» Work order:
When you write out the listing, keep every character and omit the pictures.

» Provided material:
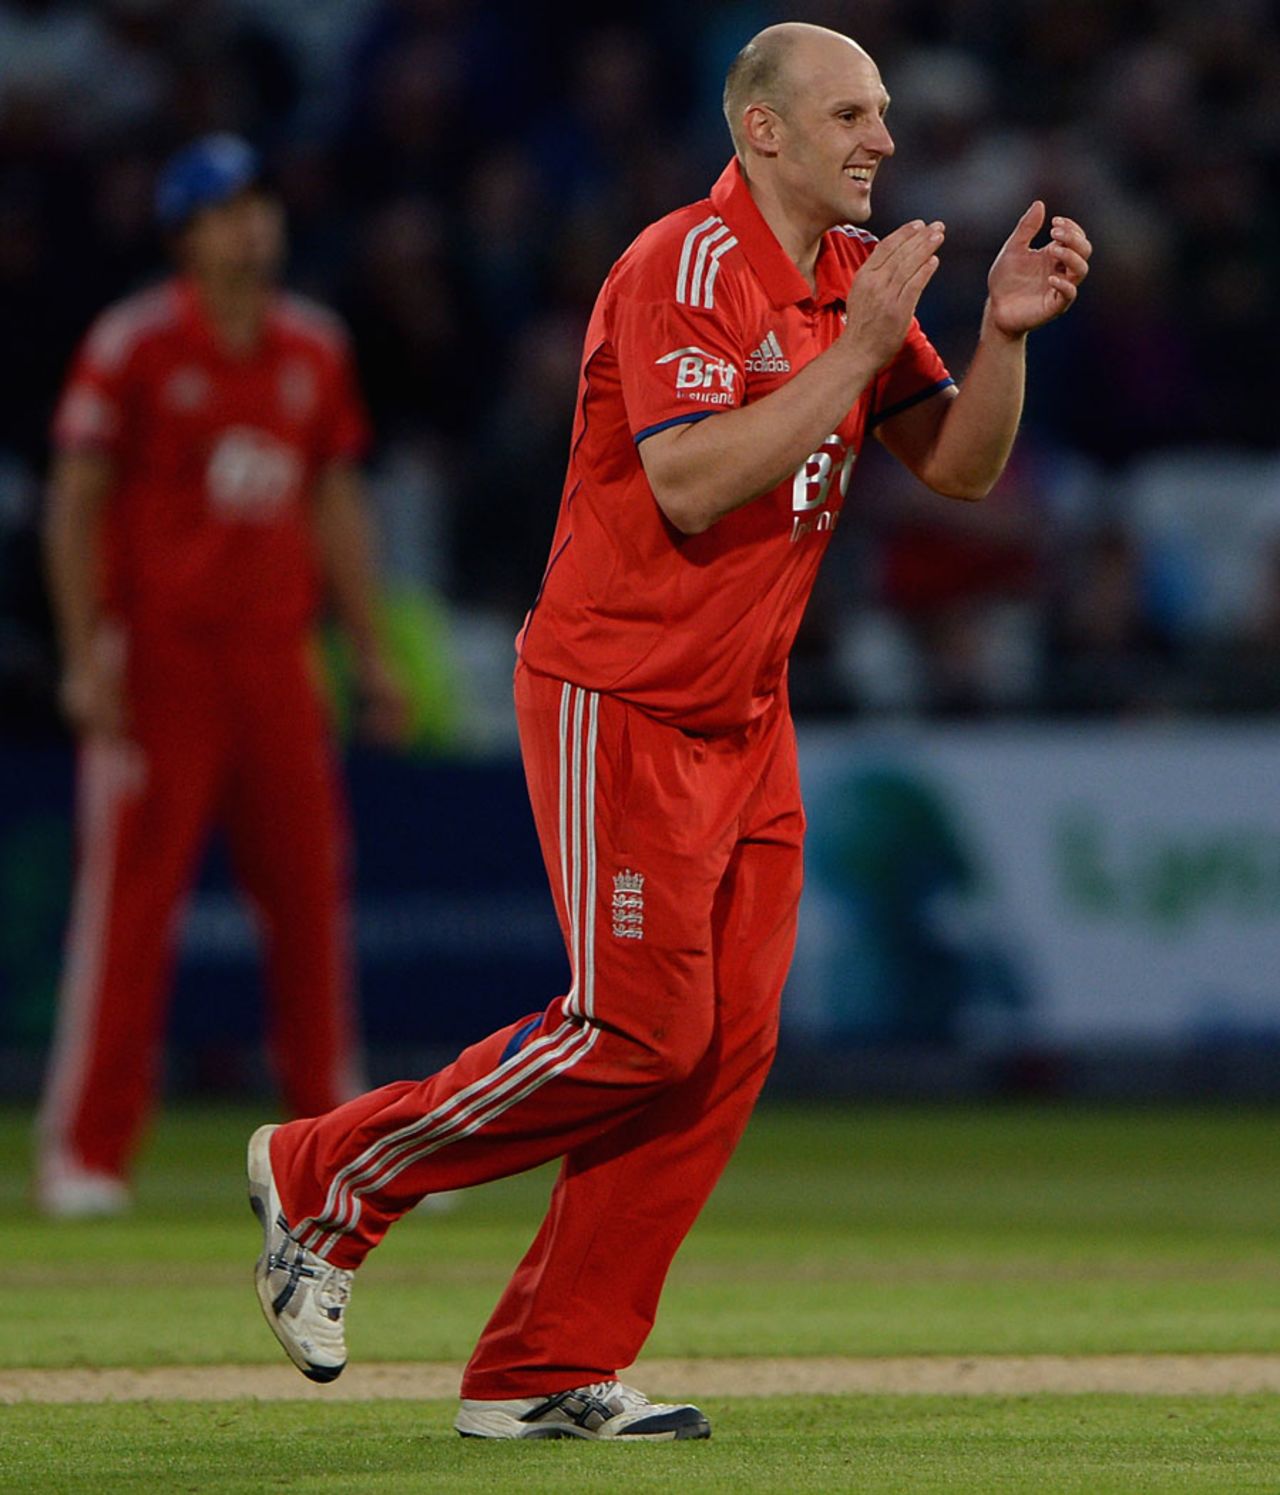 James Tredwell impressed with three wickets, England v New Zealand, 2nd ODI, Trent Bridge, June 5, 2013
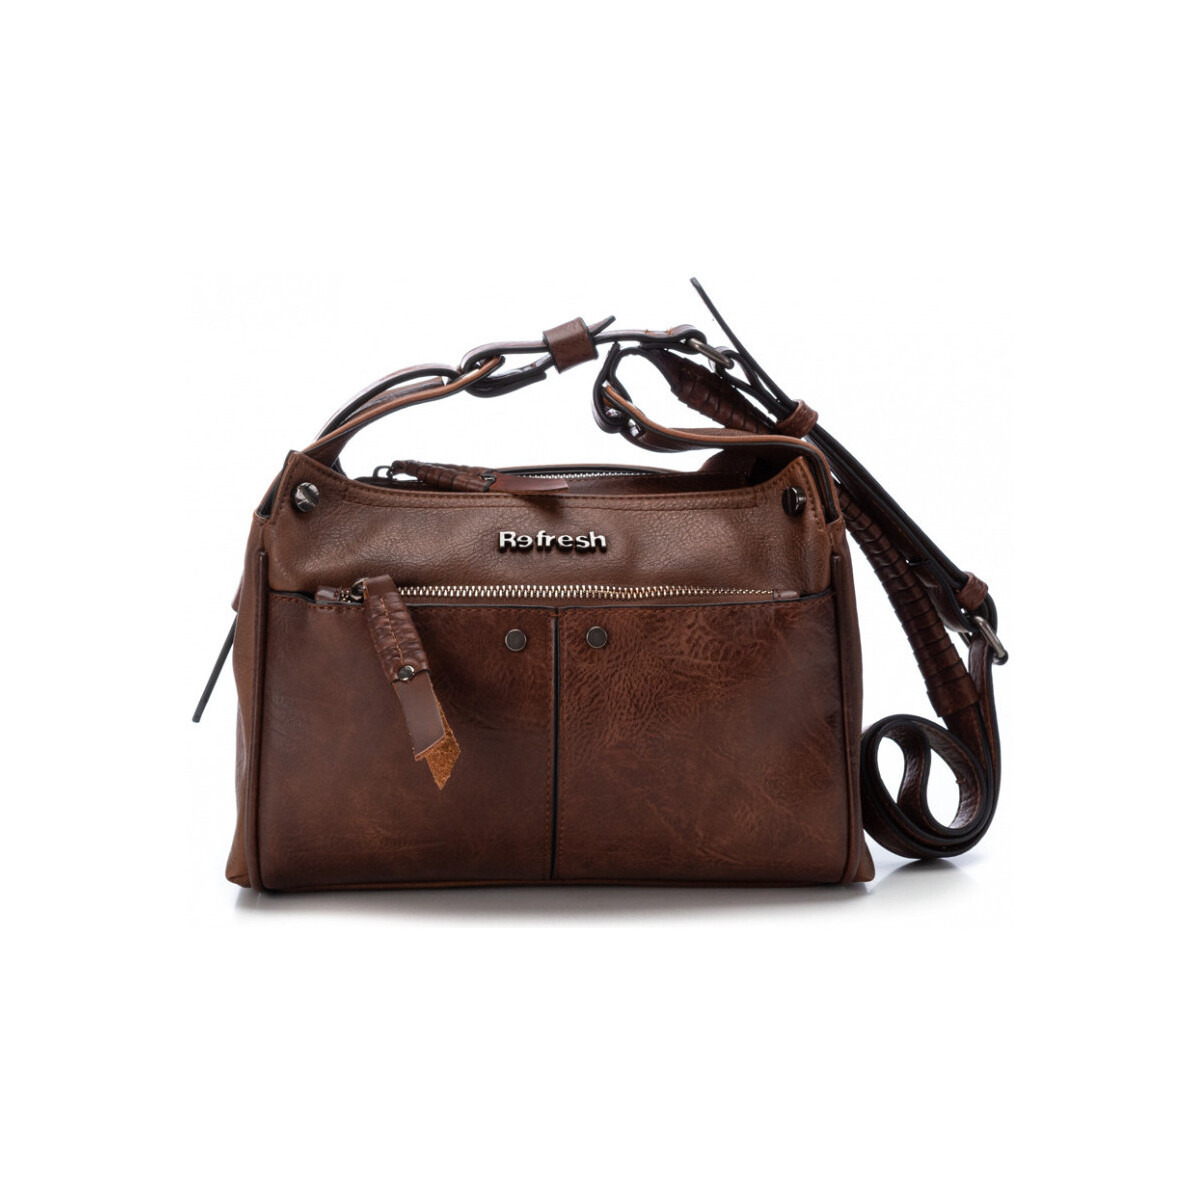 Spartoo - Ladies Brown Handbag from Refresh GOOFASH
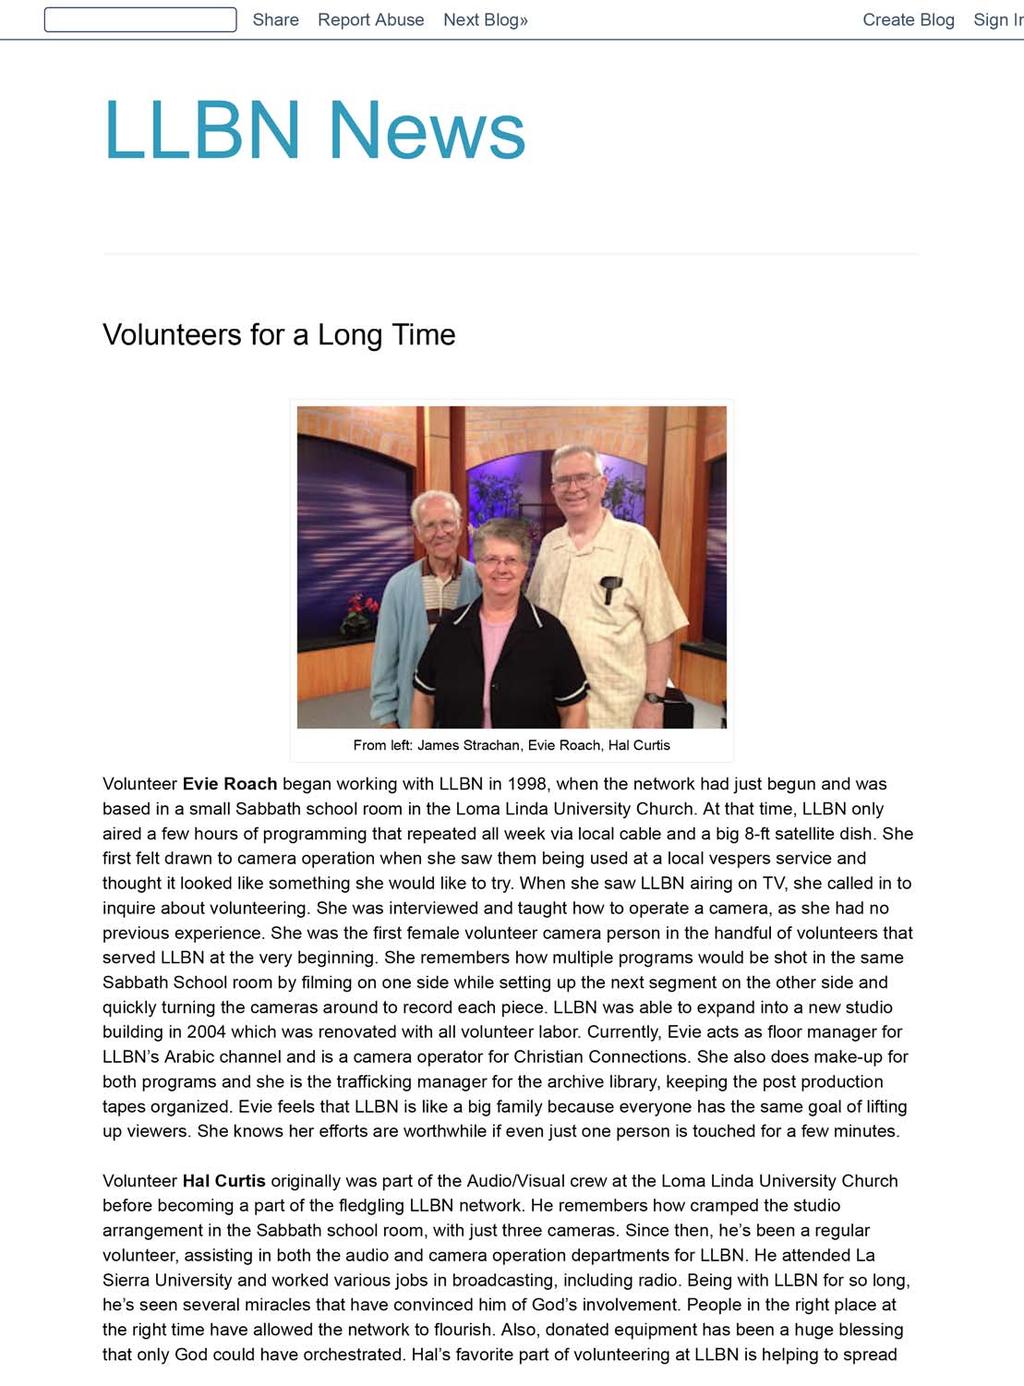 LLBN News: Volunteers for a Long Time http://llbnnews.blogspot.

» Written solution:
 James Tredwell impressed with three wickets, England v New Zealand, 2nd ODI, Trent Bridge, June 5, 2013
 Spartoo - Ladies Brown Handbag from Refresh GOOFASH
 LLBN News: Volunteers for a Long Time http://llbnnews.blogspot.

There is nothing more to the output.